The Longest Investment: Romain Taupenot on Control, Nature, and Ten Generations of Burgundy

Romain Taupenot in his cellar. Image: Domaine Taupenot-Merme

I will admit it upfront: I am a devoted fan of Taupenot-Merme wines. So when I found myself sitting across from Romain Taupenot a grey morning in Copenhagen, I had to remind myself to ask questions rather than simply nod along. It turned out not to be a problem. Within the first ten minutes it became clear that Romain does not give short answers. Not because he is evasive, but because the subject does not allow for it. Burgundy, for him, is not a product. It is a living thing, and he treats it accordingly.

Romain is the co-owner and winemaker of Domaine Taupenot-Merme, a family estate based in Morey-Saint-Denis in the Côte de Nuits. His son Antoine was present too — quietly nodding at his father's descriptions, occasionally adding a word or two — and the ease between them made the conversation feel less like a formal interview and more like being let in on something private. Thank you to our Gold Sponsor Winegroup/ HJ Hansen /Theis Vine for setting up the interview.  

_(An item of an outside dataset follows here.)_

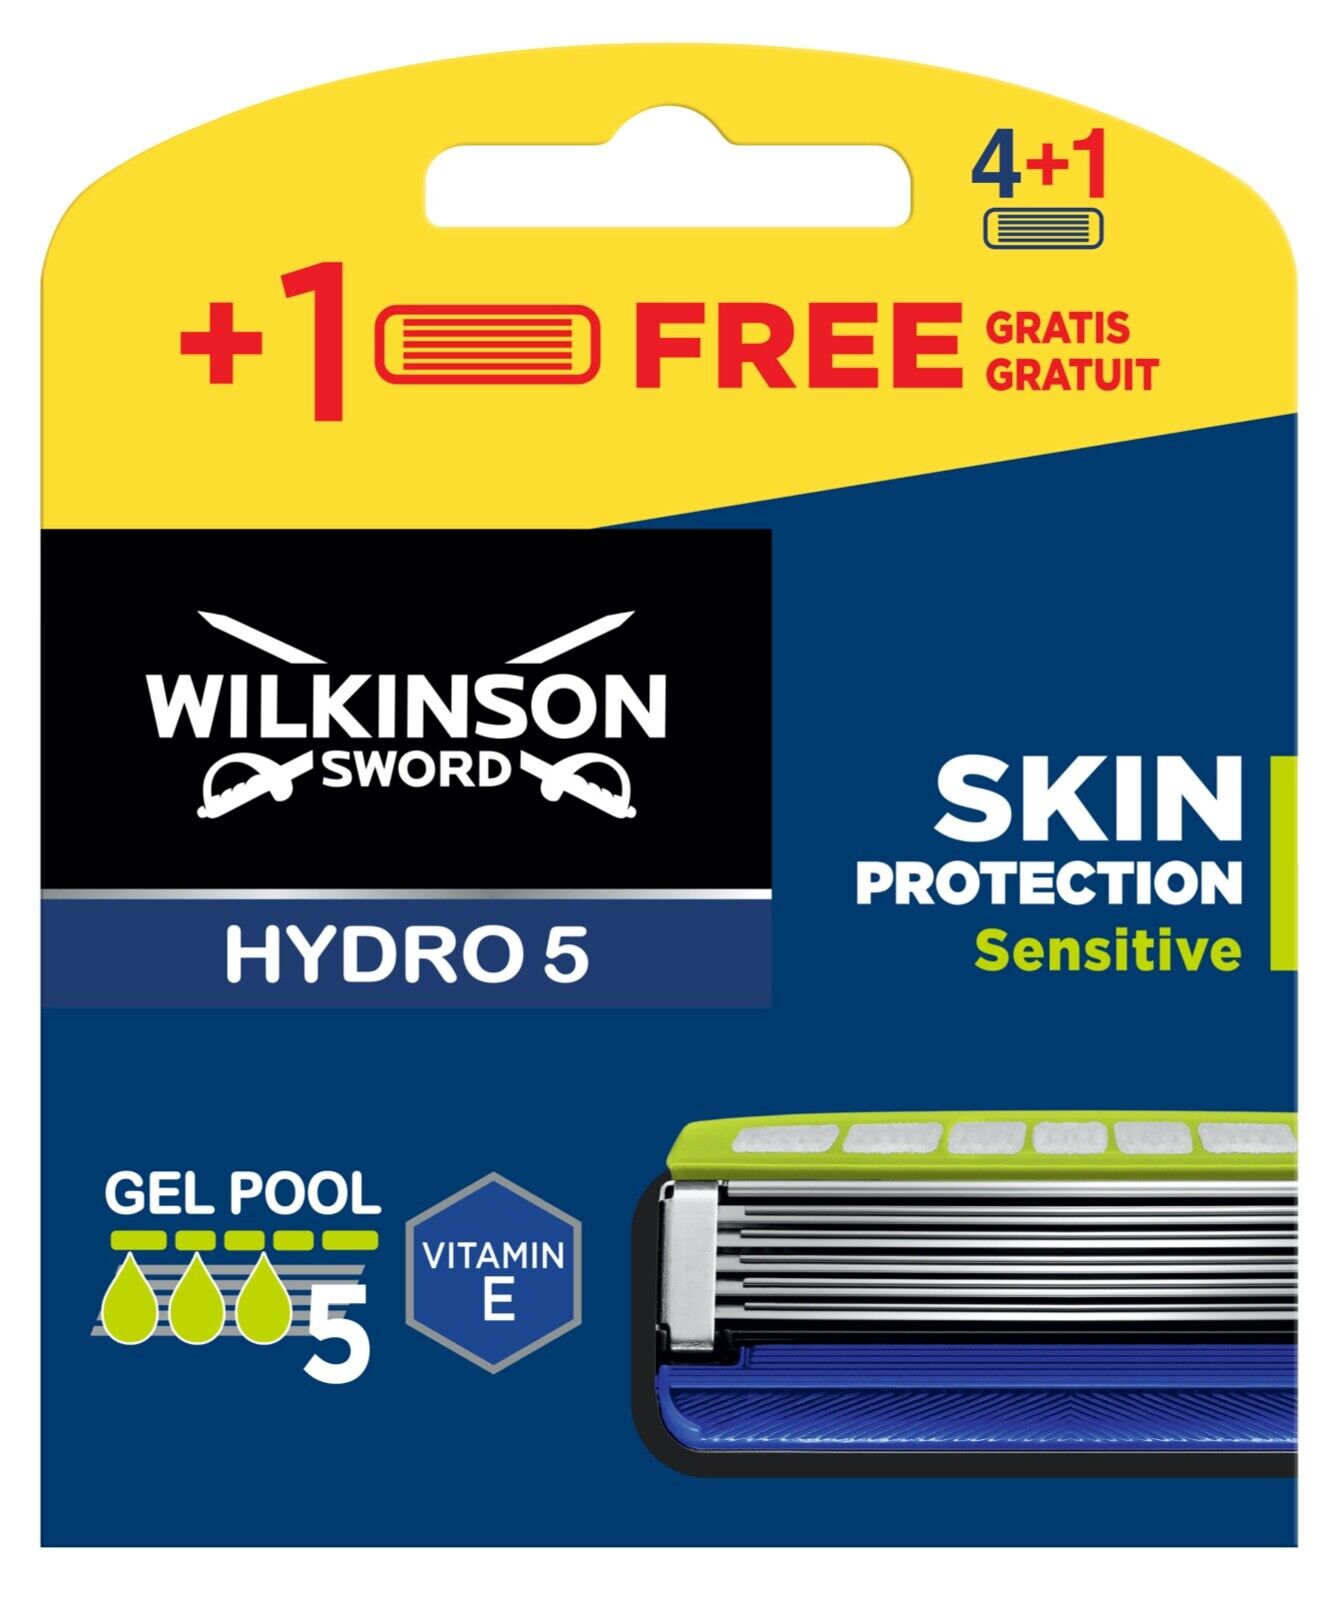 Сменные кассеты для бритвы Hydro Wilkinson Sword Hydro5 SKIN PROTECTION SENSITIVE, 5 шт. сменные кассеты для бритв sense wilkinson sword hydro 5 skin premiun edition 4 шт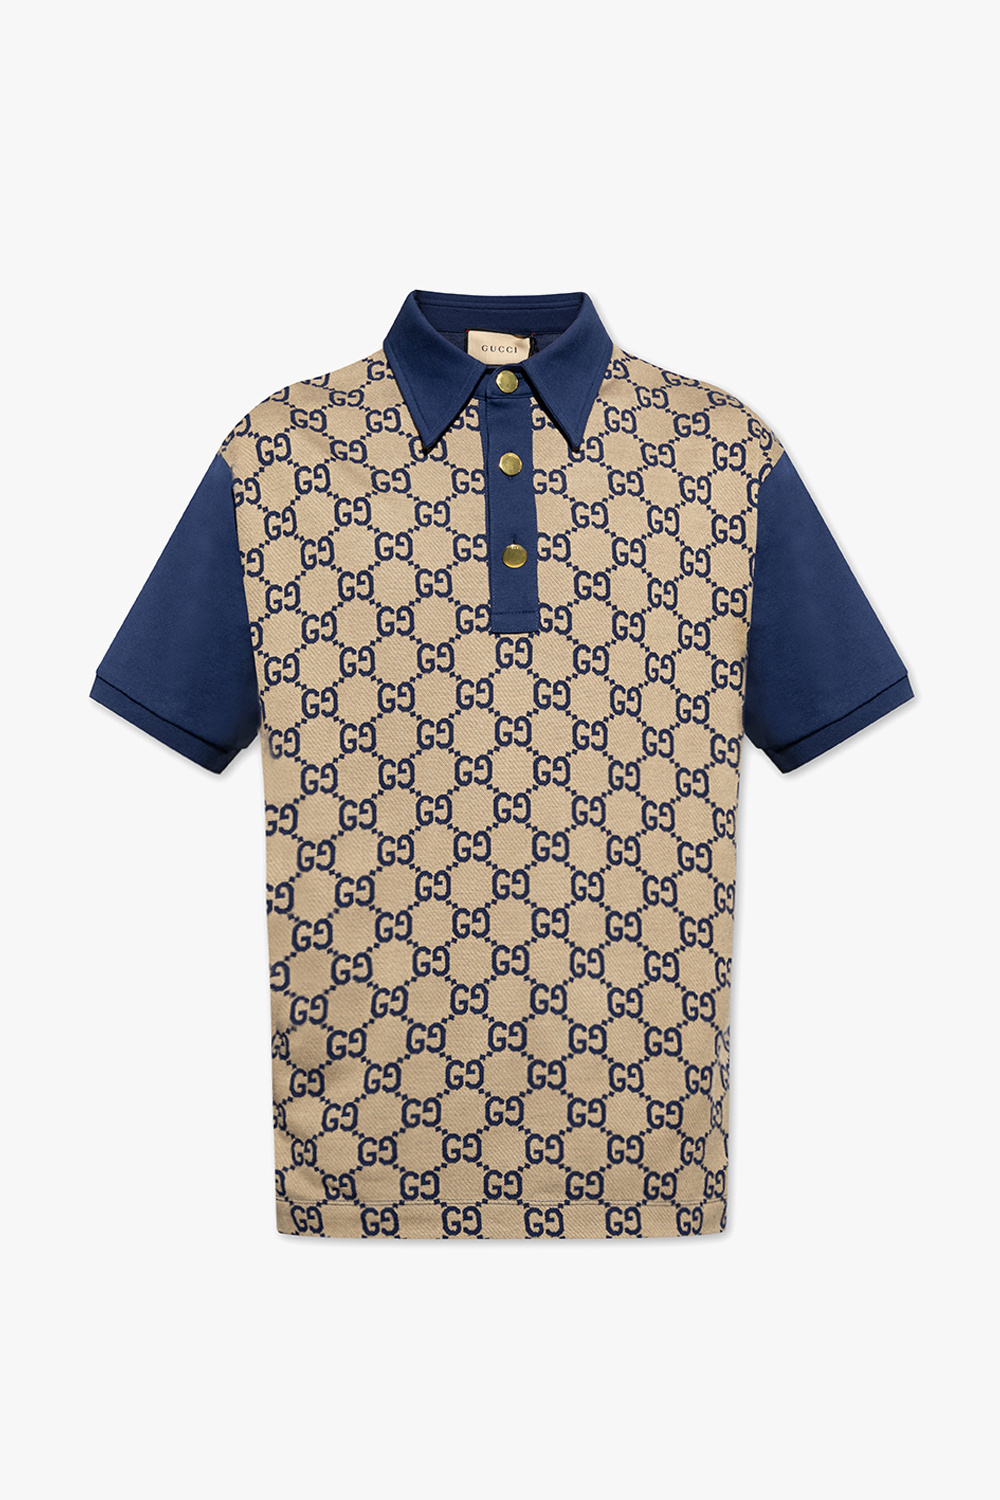 Gucci Monogrammed shirt, Men's Clothing

At the end of the interview, Romain apologised for going in all directions. I told him not to. Every perspective had a strong point, and this was exactly what I had come for.

Seven Generations, One Address

The domaine's roots go back at least seven generations on Romain's mother's side, and nine on his father's. Antoine, who was sitting beside him, represents the tenth. It is a lineage that is rare even by Burgundian standards, and Romain mentions it with the matter-of-factness of someone for whom this is simply the background.

"I never missed a harvest. Except once, when I was in Turkey for my military service — I couldn’t get back in time. But apart from that, never. Since I was a child, I worked in the vineyards in summer. The winery was always part of life."
— Romain Taupenot

The estate farms around twenty hectares across nineteen appellations, spanning both the Côte de Nuits and the Côte de Beaune. The list of appellations alone reads like a sommelier's education: Gevrey-Chambertin, Morey-Saint-Denis, Chambolle-Musigny, seven premier crus, and four grand crus — including a tiny plot of Clos des Lambrays. The home base is Morey-Saint-Denis, a village that, as Romain would explain later in the conversation, is often undersold but never, in his view, misunderstood.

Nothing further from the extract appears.